Чуть в стороне от уютно выглядящих домов и совсем близко ко мне, практически скрытый от деревеньки близко к нему посаженными высоченными неохватными дубами, из-за чего я его сразу и не заметила, стоял большой деревянный дом. Он был добротный, из массивных бревен, темный, почти черный. Окна в красивейших, тонкой резьбы наличниках. Со стороны он выглядел как музей деревянного зодчества. Дом стоял ко мне торцом, поэтому я могла рассмотреть часть крыльца. Все столбцы и балясины были резными, навес над крыльцом был по краю обрамлен деревянным кружевом. Покатая крыша тоже по всему периметру была украшена деревянной резьбой, а на ее вершине был резной конек. Недалеко от дома бродило несколько кур и черный величавый петух. На веревке, недалеко от крылечка, сох фартук и пара полотенец. Через несколько минут я уже была рядом и медленно обходила дом, разглядывая его со всех сторон и остановилась у крыльца. Я решила, что нужно спросить к кому из местных жителей можно обратиться за помощью, хоть немного отдохнуть и попросить воды. Пока я бороздила просторы деревенского поля, то вся взмокла и умирала от жажды, а бутылочку с водой, естественно, я оставила в машине. Поднявшись, я несмело постучала. На мой стук никто не ответил и не вышел, но мне показалось, что в окне дернулась занавеска, будто за мной наблюдали. Время приближалось в восьми. Хотя до темноты еще далеко, в деревнях ложились рано, нужно поторопиться, а то ведь можно и без помощи остаться до самого утра. Меня аж передернуло от этой мысли. Вздохнув, я постучала снова, на этот раз достаточно сильно. Услышав какой-то звук, идущий из дома, то ли стон, то ли зов, я решительно открыла дверь.
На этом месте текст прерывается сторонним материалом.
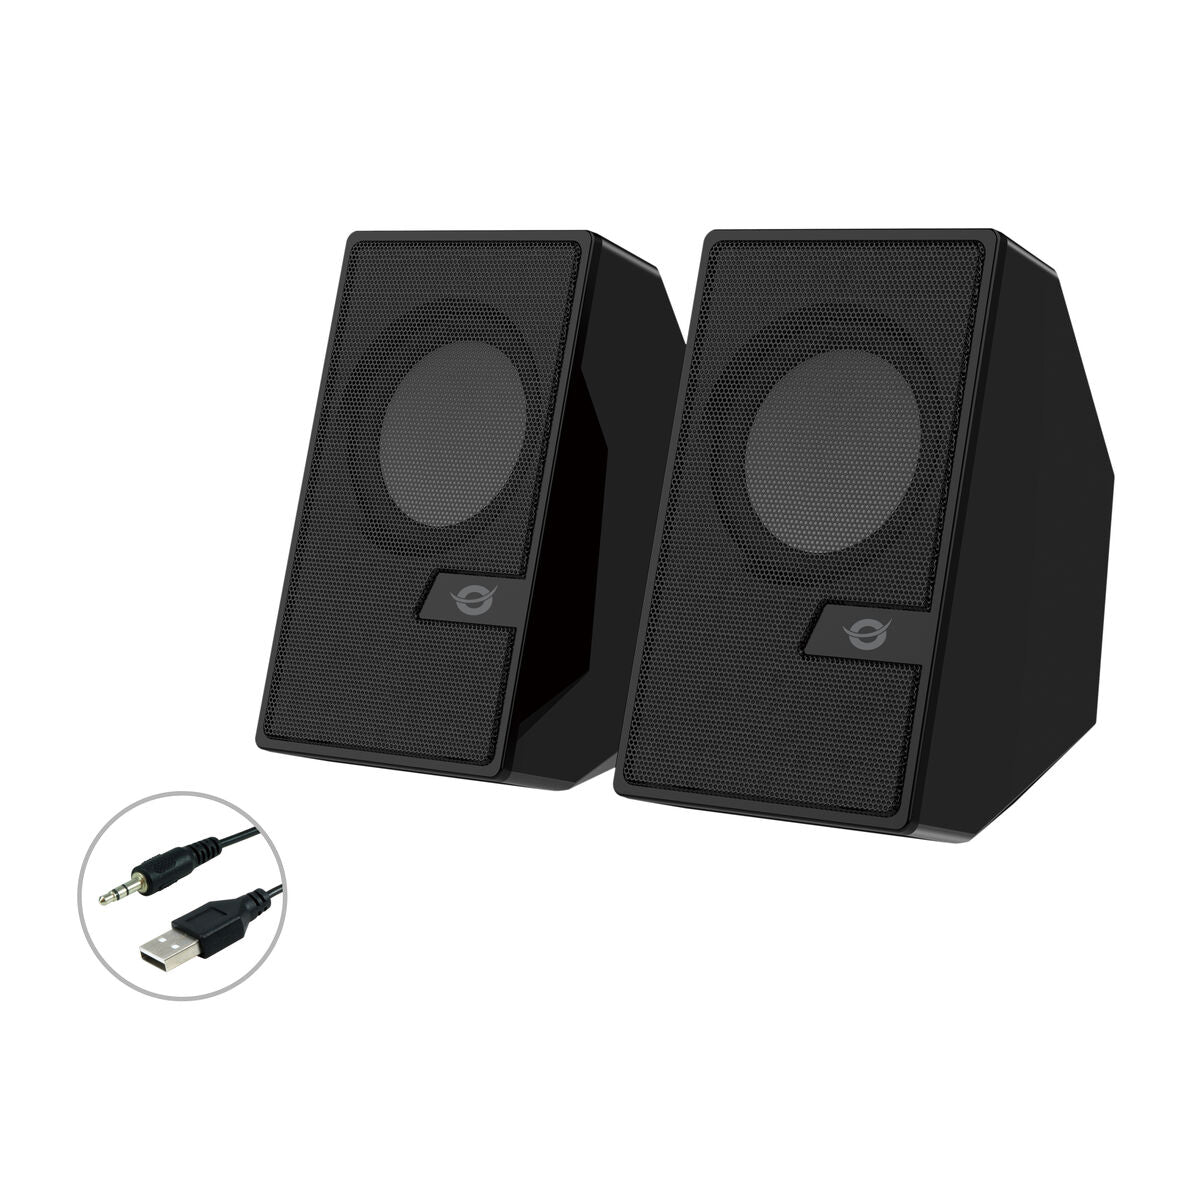 PC Speakers Conceptronic 120839307101, Conceptronic, Electronics, TV, Video and home cinema, pc-speakers-conceptronic-120839307101, Brand_Conceptronic, category-reference-2609, category-reference-2637, category-reference-2882, category-reference-t-18805, category-reference-t-19653, category-reference-t-19922, category-reference-t-21404, cinema and television, computers / components, Condition_NEW, entertainment, music, Price_20 - 50, RiotNook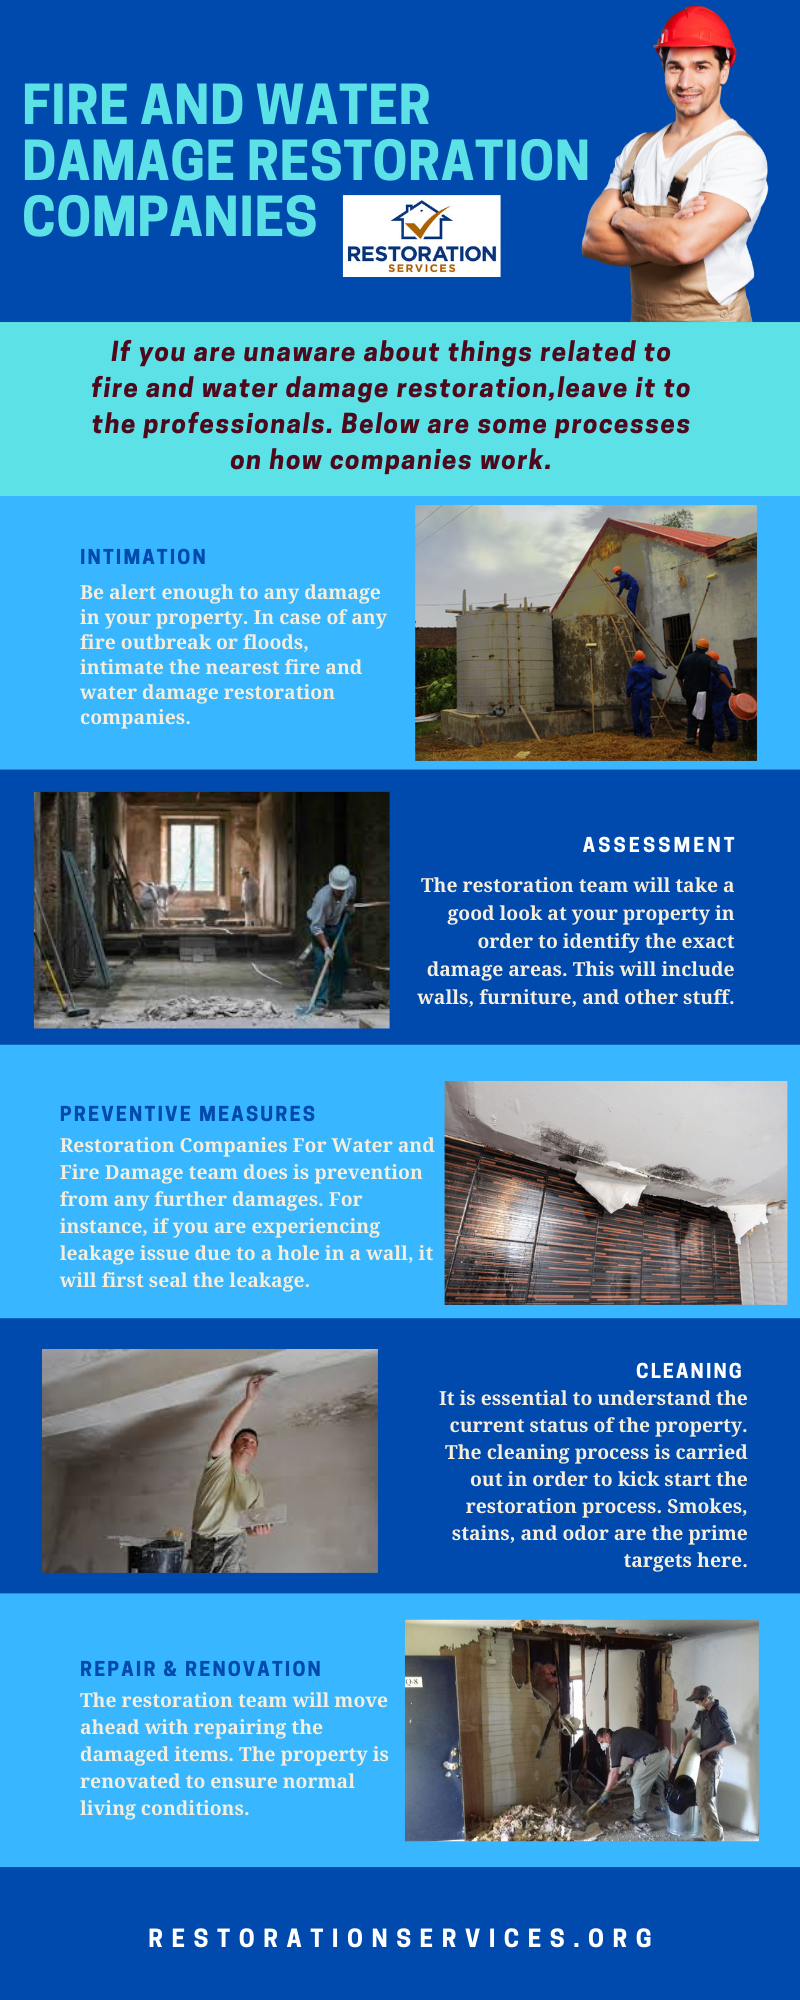 Fire and water damage restoration companies

Попав в темные сени, полностью завешанные пучками трав и какими-то мешочками, я зажмурила глаза, чтоб привыкнуть к полумраку, после яркого солнца. Запах тут стоял такой, что у меня резко закружилась голова и я еле удержалась на ногах, так как они начали подкашиваться от слабости. Кое как дойдя до второй двери я повисла на ручке, и с огромным трудом смогла ее открыть. В комнату я прямо ввалилась, так как пригибаясь под низкой притолокой не заметила порожек и споткнулась. Перед ногами у меня прошмыгнула и куда-то скрылась черная кошка. Краем глаза заметив, что в комнате кто-то есть, я подняла голову.
– Здравствуйте, хозяева! Извините, что без приглашения.
В этот момент я увидела стоящую около стола женщину. Длинные, вьющиеся, темно-русые волосы были распущены. Худощавая, но крепкая фигура. Ростом, наверное, с меня, метр шестьдесят пять-шестьдесят семь. Красивый, коричневый, расшитый крупными черными цветами и замысловатыми завитками сарафан. Она стояла ко мне спиной, и я не могла рассмотреть ее как следует.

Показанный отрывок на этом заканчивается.